Martha Graham

This article is about the choreographer. For the supercentenarian, see Martha Graham (supercentenarian).
Martha Graham

Martha Graham by Yousuf Karsh (1948)
Born May 11, 1894
Pittsburgh, Pennsylvania
Died April 1, 1991 (aged 96)
New York City
Nationality American
Known for Dance and choreography
Movement Modern dance
Awards Kennedy Center Honors (1979)
Presidential Medal of Freedom (1976)
National Medal of Arts (1985)

Martha Graham (May 11, 1894 – April 1, 1991) was an American modern dancer and choreographer whose influence on dance has been compared with the influence Picasso had on the modern visual arts,[1][2] Stravinsky had on music, or Frank Lloyd Wright had on architecture.[3]

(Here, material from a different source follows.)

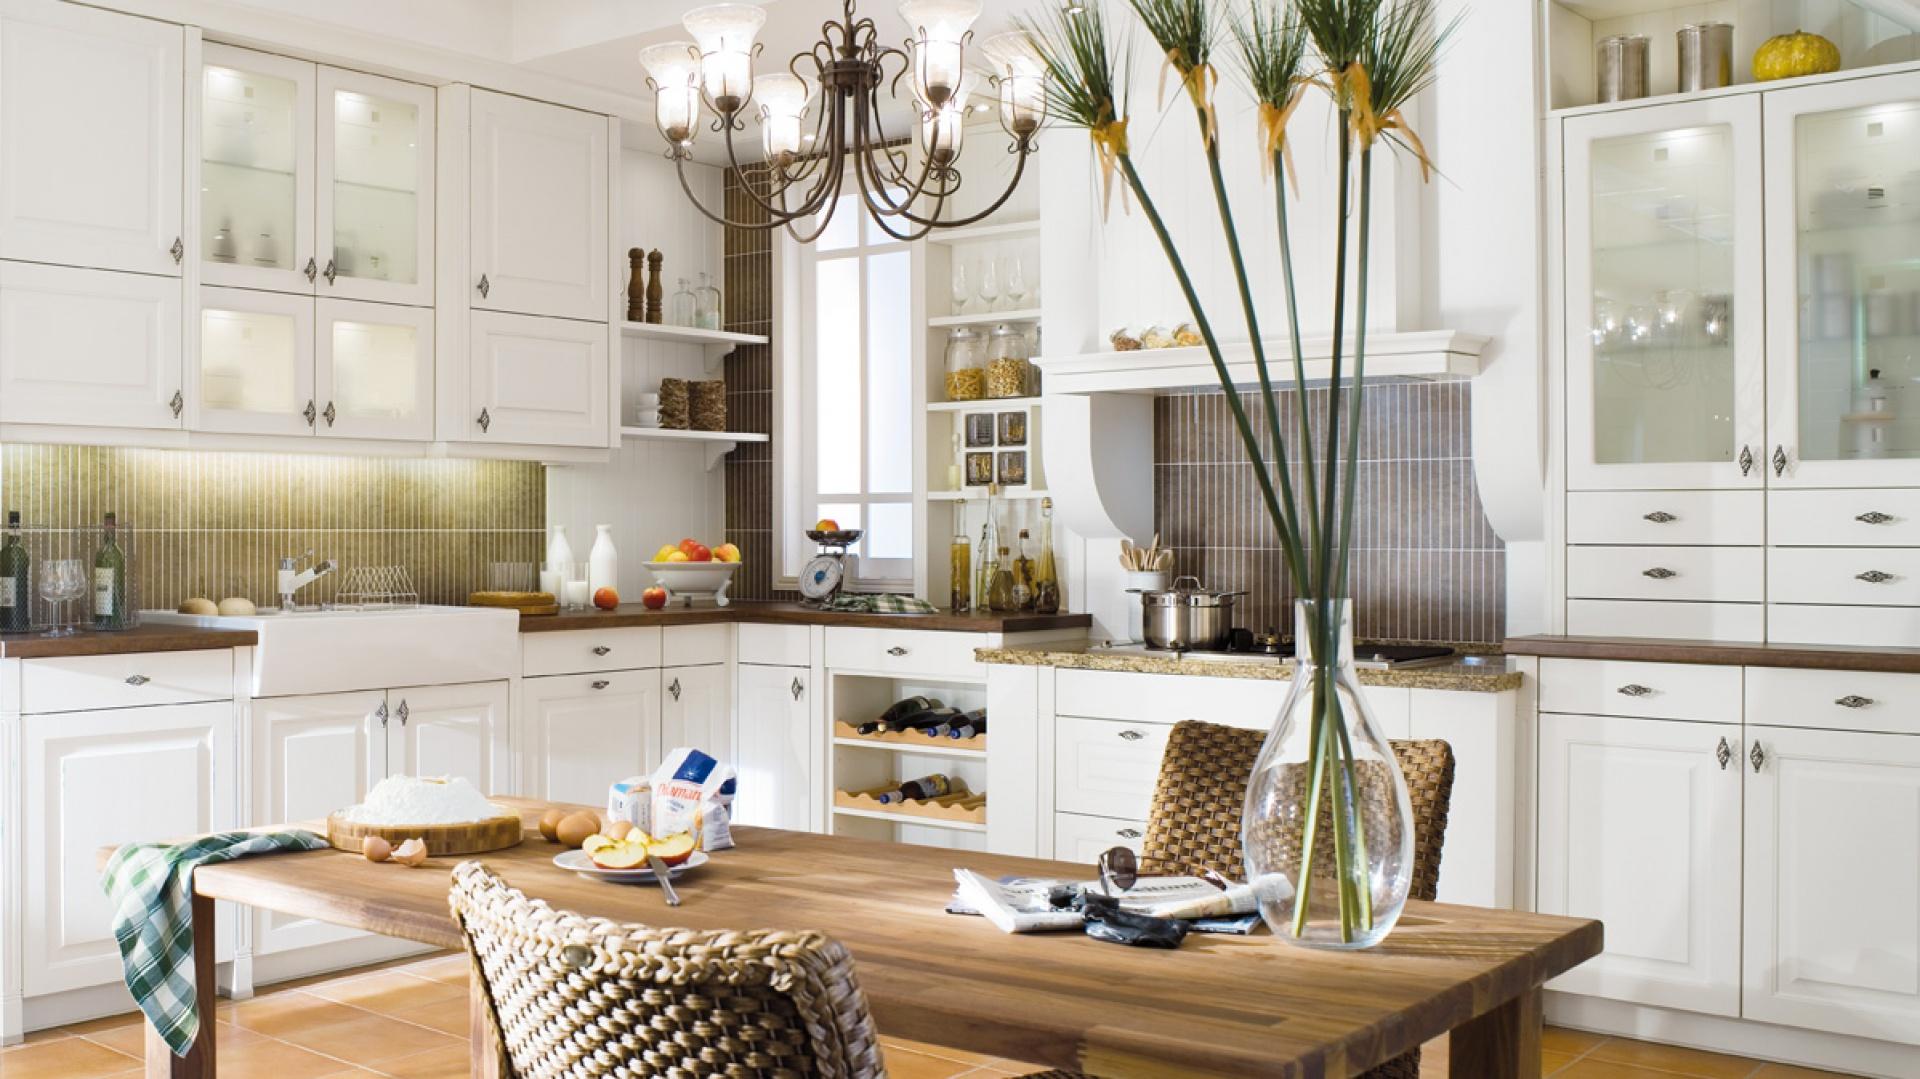 Kuchnia Stockholm to Biała klasyczna kuchnia 5   -> Kuchnie Z Uchwytami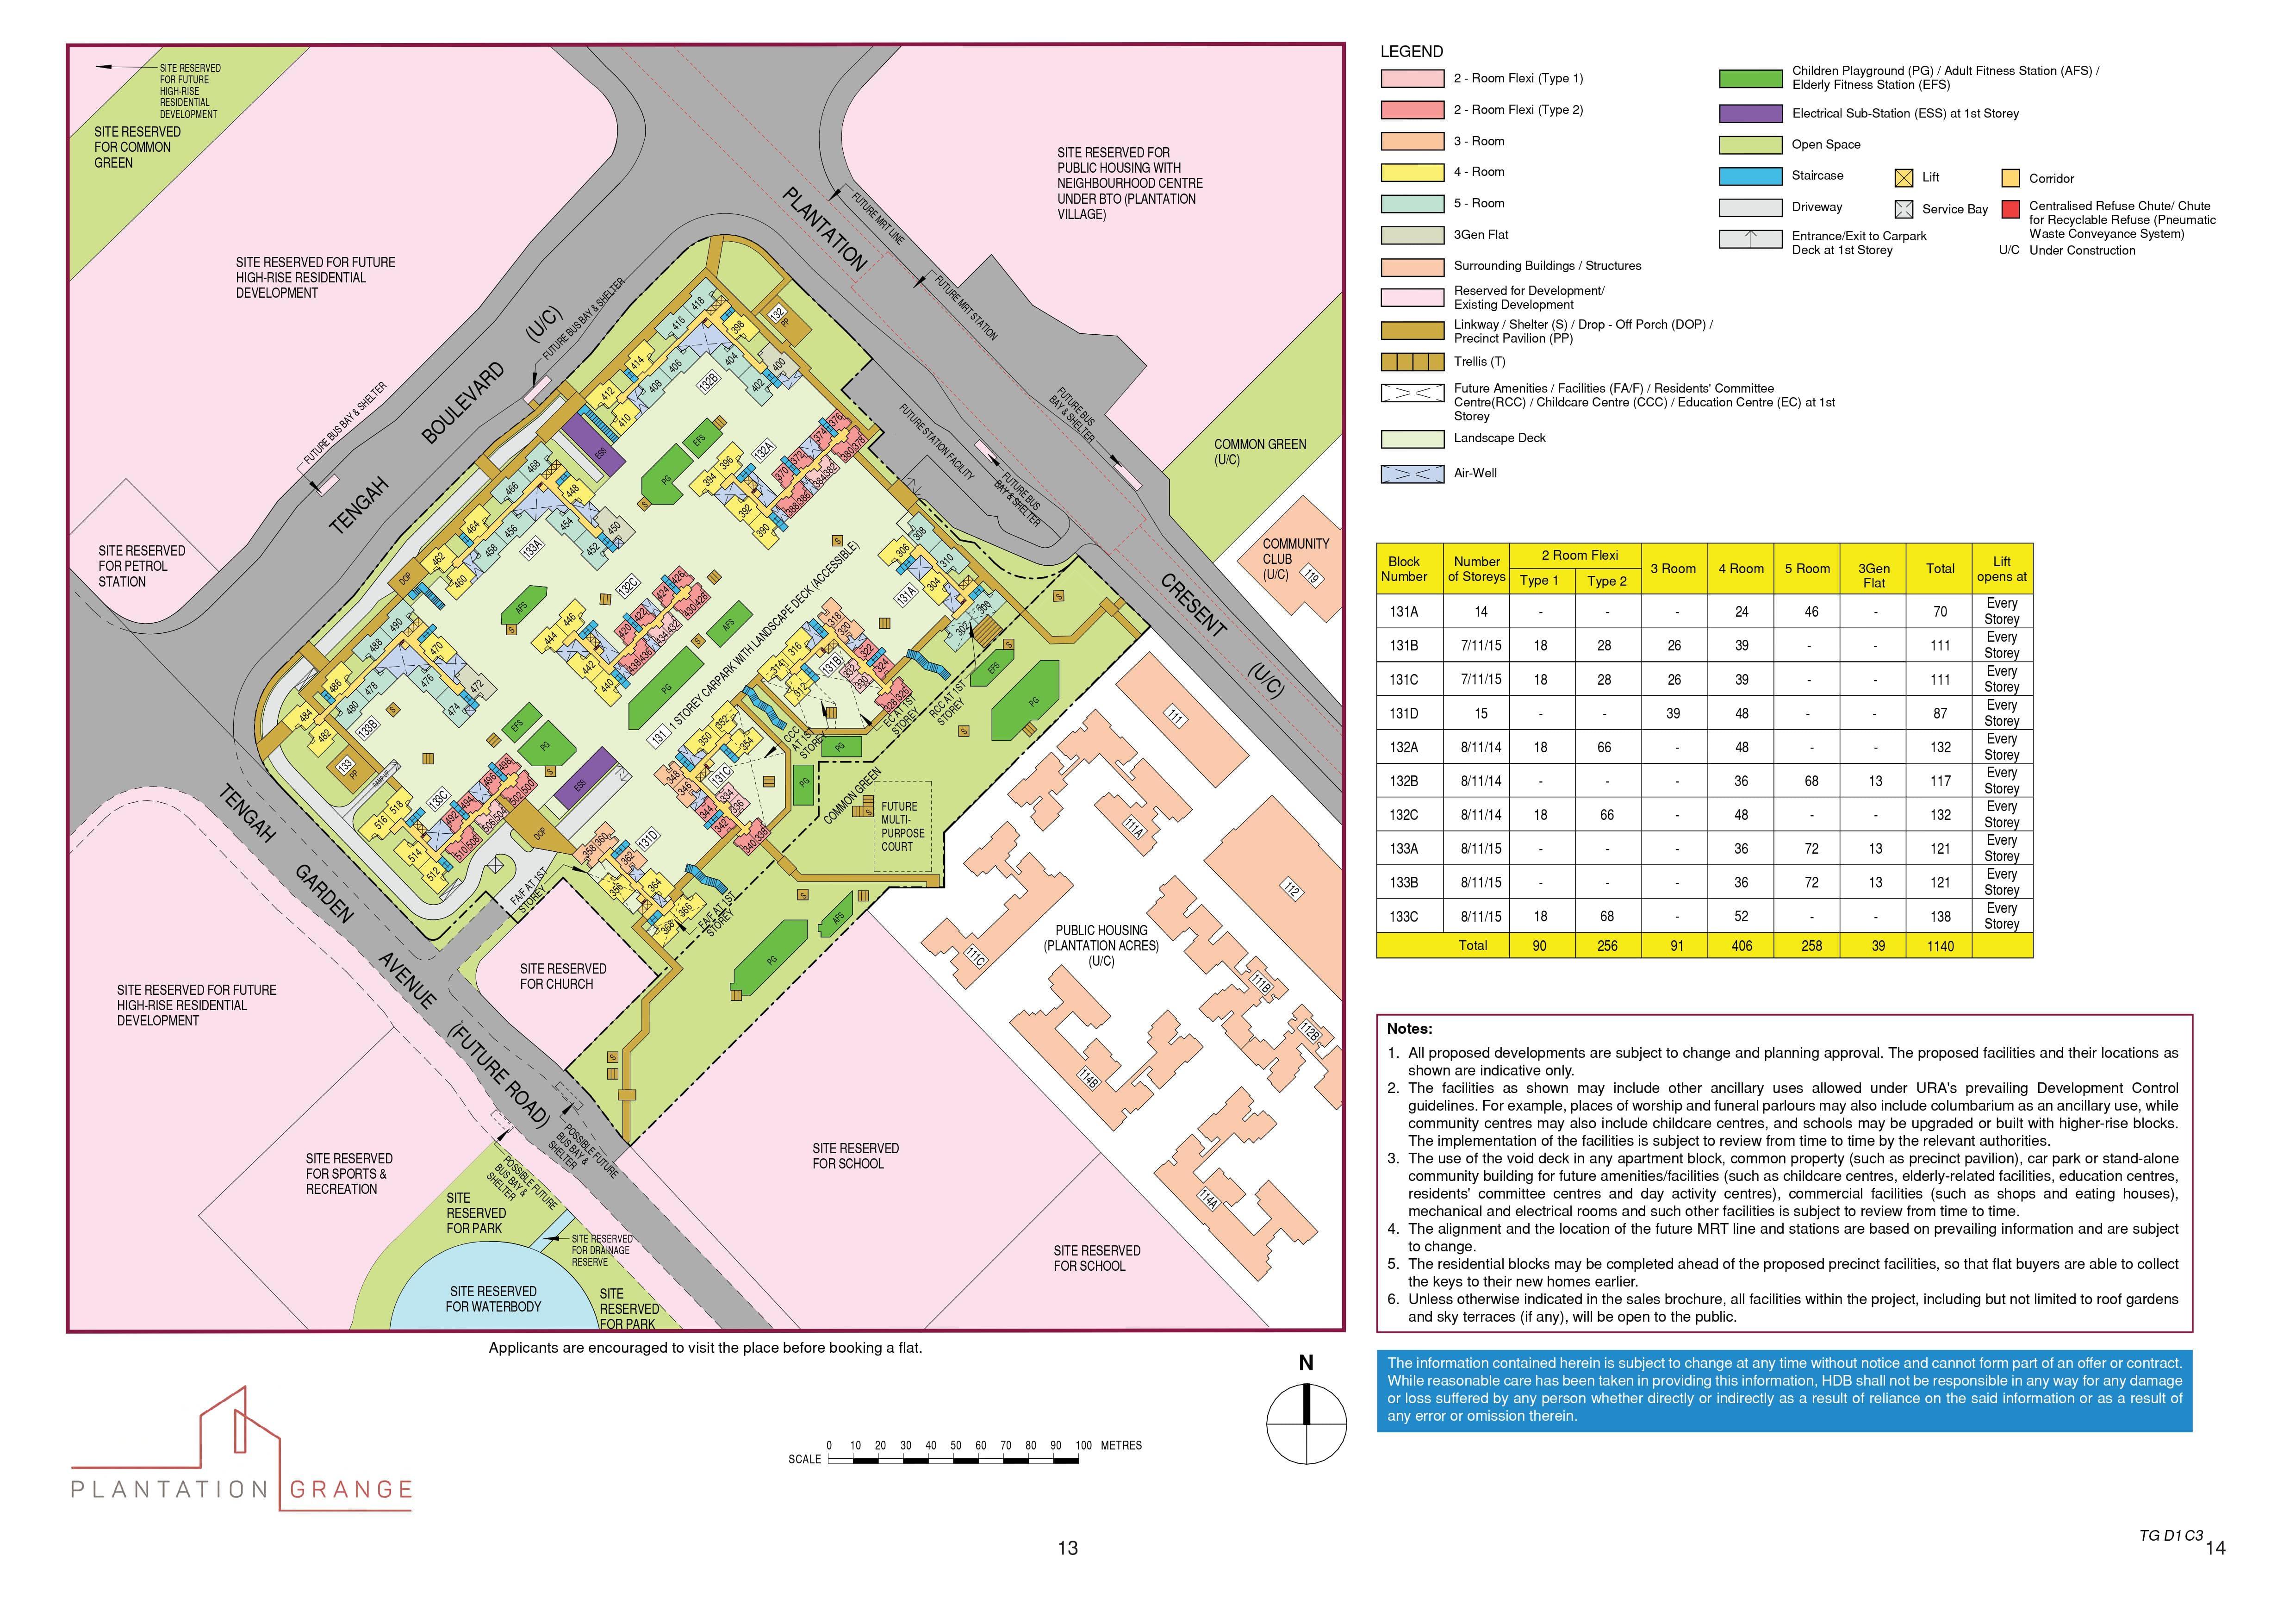 Plantation Grange Site Plan

She danced and choreographed for over seventy years. Graham was the first dancer ever to perform at the White House, travel abroad as a cultural ambassador, and receive the highest civilian award of the US: the Presidential Medal of Freedom. In her lifetime she received honors ranging from the Key to the City of Paris to Japan's Imperial Order of the Precious Crown. She said, in the 1994 documentary The Dancer Revealed, "I have spent all my life with dance and being a dancer. It's permitting life to use you in a very intense way. Sometimes it is not pleasant. Sometimes it is fearful. But nevertheless it is inevitable." [4]

Her style, the Graham technique, fundamentally reshaped American dance and is still taught worldwide.[5]

Early life

Graham was born in Allegheny City - later to became part of Pittsburgh, Pennsylvania - in 1894. Her father George Graham practiced as what in the Victorian era was known as an "alienist", a practitioner of an early form of psychiatry. The Grahams were strict Presbyterians. Dr. Graham was a third-generation American of Irish descent. Her mother Jane Beers was a second-generation American of Irish and Scots-Irish descent and was also a sixth-generation descendant of Myles Standish. While her parents provided a comfortable environment in her youth, it was not one that encouraged dancing.[6]

The Graham family moved to Santa Barbara, California when Martha was fourteen years old.[7] In 1911, she attended the first dance performance of her life, watching Ruth St. Denis perform at the Mason Opera House in Los Angeles.[8] In the mid-1910s, Martha Graham began her studies at the newly created Denishawn School of Dancing and Related Arts, founded by Ruth St. Denis and Ted Shawn,[9] at which she would stay until 1923. In 1922, Graham performed one of Shawn's Egyptian dances with Lillian Powell in a short silent film by Hugo Riesenfeld that attempted to synchronize a dance routine on film with a live orchestra and an onscreen conductor.[10]

Career

In 1925, Graham was employed at the Eastman School of Music where Rouben Mamoulian was head of the School of Drama. Among other performances, together they produced a short two-color film called The Flute of Krishna, featuring Eastman students. Mamoulian left Eastman shortly thereafter and Graham chose to leave also, even though she was asked to stay on.

In 1926, the Martha Graham Center of Contemporary Dance was established. On April 18 of the same year,[9] at the 48th Street Theatre, Graham debuted with her first independent concert, consisting of 18 short solos and trios that she had choreographed. She would later say of the concert: "Everything I did was influenced by Denishawn."[11] On November 28, 1926 Martha Graham and others in her company gave a dance recital at the Klaw Theatre in New York City. Around the same time she entered an extended collaboration with Japanese-American pictorialist photographer Soichi Sunami, and over the next five years they together created some of the most iconic images of early modern dance.[12]

One of Graham's students was heiress Bethsabée de Rothschild with whom she became close friends. When Rothschild moved to Israel and established the Batsheva Dance Company in 1965, Graham became the company's first director.

New era in dance

In 1936, Graham created Chronicle which brought serious issues to the stage in a dramatic manner. Influenced by the Wall Street Crash of 1929, the Great Depression that followed, and the Spanish Civil War, it focused on depression and isolation, reflected in the dark nature of both the set and costumes.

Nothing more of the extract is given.